Cervical and Tubal Factor Infertility

With a cervical factor, infertility is caused by a problems with the cervix, which is the base of the uterus. Infertility can also be due to a problem with one or both fallopian tubes (tubal factor).


Cervical Factor Infertility

The cervix is an extension of the lower part of the uterus, and it protrudes into the vagina. Sperm should be able to swim in the cervical mucus traveling from vagina through the cervix and the uterus. The glands that line the cervix produces cervical mucus, which offers nutritional support for the sperm. One cause of infertility involves sticky or thick cervical mucus, which will interfere with sperm transport. Estrogen levels increase right before ovulation, which causes increased mucus production.

Another cause of infertility is anti-sperm antibodies.
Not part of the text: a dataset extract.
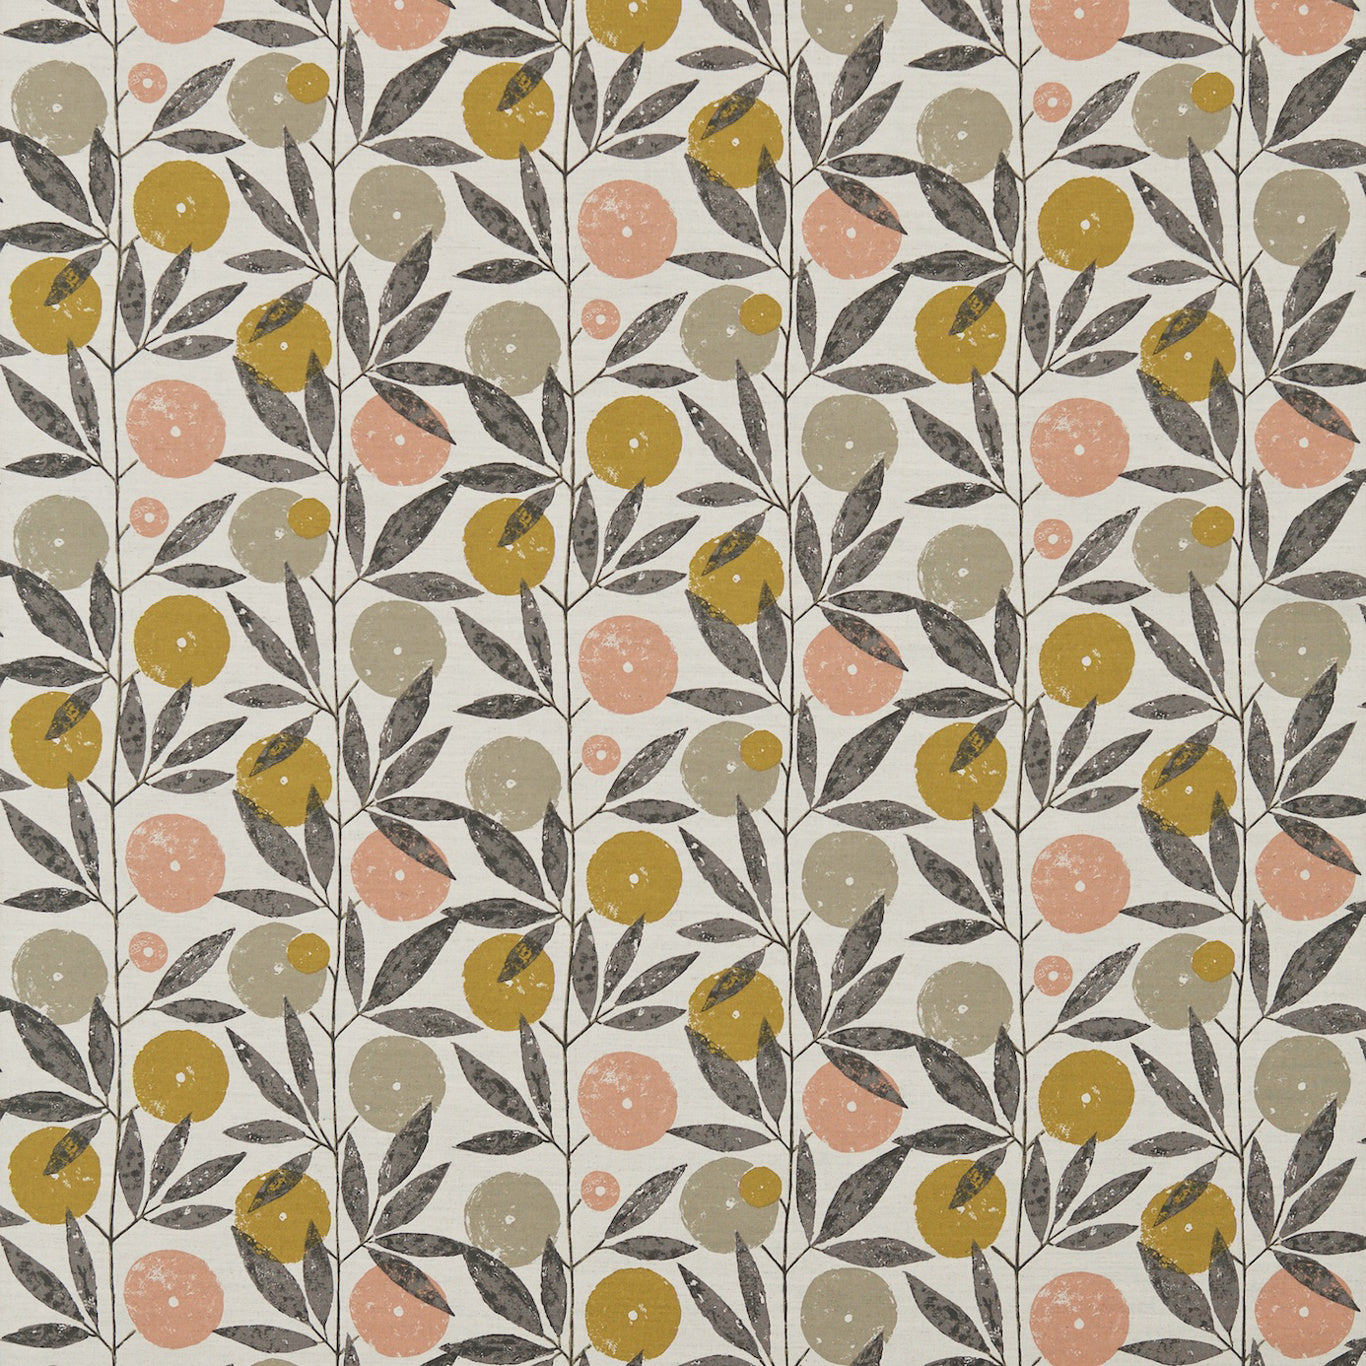 Blomma Fabric by Scion - NFIK120359 - Toffee/Blush/Putty

Some women produce anti-sperm antibodies, which make the female’s body mistake the sperm for invading organisms. These antibodies kill the sperm, so it cannot fertilize the egg. Cervical factor infertility is also caused from medications, congenital anomalies, cervical or uterus surgery, and many unexplained factors.

Diagnosing cervical factor infertility involves a comprehensive medical history and physical examination. Transvaginal ultrasound and mock embryo transfer are both methods for assessing cervical problems. Cervical factor infertility can be successful treated with intrauterine insemination (IUI). With this procedure, sperm are inserted into the uterus through a small catheter that passes up the cervical opening.


Tubal Factor Infertility

The fallopian tubes are passageways between the ovaries and the uterus. These structures lie on each side of the uterus. When ovulation occurs, the egg is released by an ovarian follicle and picked up by the fimbriae (finger-like projections at the end of the fallopian tube). The egg is fertilized in the tube, becomes an embryo, and then progresses on to the uterus. Once the embryo makes it to the uterus, it implants into the lining (endometrium) after a few days.

The test used to diagnose tubal factor infertility is the hysterosalpingogram (HSG). With the HSG, dye is injected into the uterus and tubes. An x-ray is used to see if or not the dye can pass through the tubes. If the fallopian tubes are blocked or damaged, the sperm and egg cannot find each other.

Blocked fallopian tubes will prevent normal conception, so the fertility specialist may recommend in vitro fertilization (IVF). The ovaries can be stimulated to produce multiple eggs, which will be retrieved using a simple technique under anesthesia. In the laboratory, the eggs are fertilized with the partner’s sperm, and the resulting embryos are transported to the uterus using a small catheter.

At the end of the tube is blocked, it cannot pick up the egg. This causes the tube to collect with fluid and dilate, which is called hydrosalpinx. Fluid inside the tube will decrease chances of pregnancy with IVF by more than 50%. When hydrosalpinx is found, the doctor may recommend using a surgical procedure to remove the tube or block it. In addition, a partially open tube could lead to an ectopic pregnancy, where the fertilized embryo implants into the tubal wall.

When a woman has had a tubal ligation, it creates a definite tubal factor infertility. Women who wish to have children after a tubal ligation must undergo a procedure called tubal reanastomosis. This involves surgery to rejoin the tubes. In event reanastomosis is unsuccessful, or if the likelihood of pregnancy is low, the fertility specialist may recommend in vitro fertilization.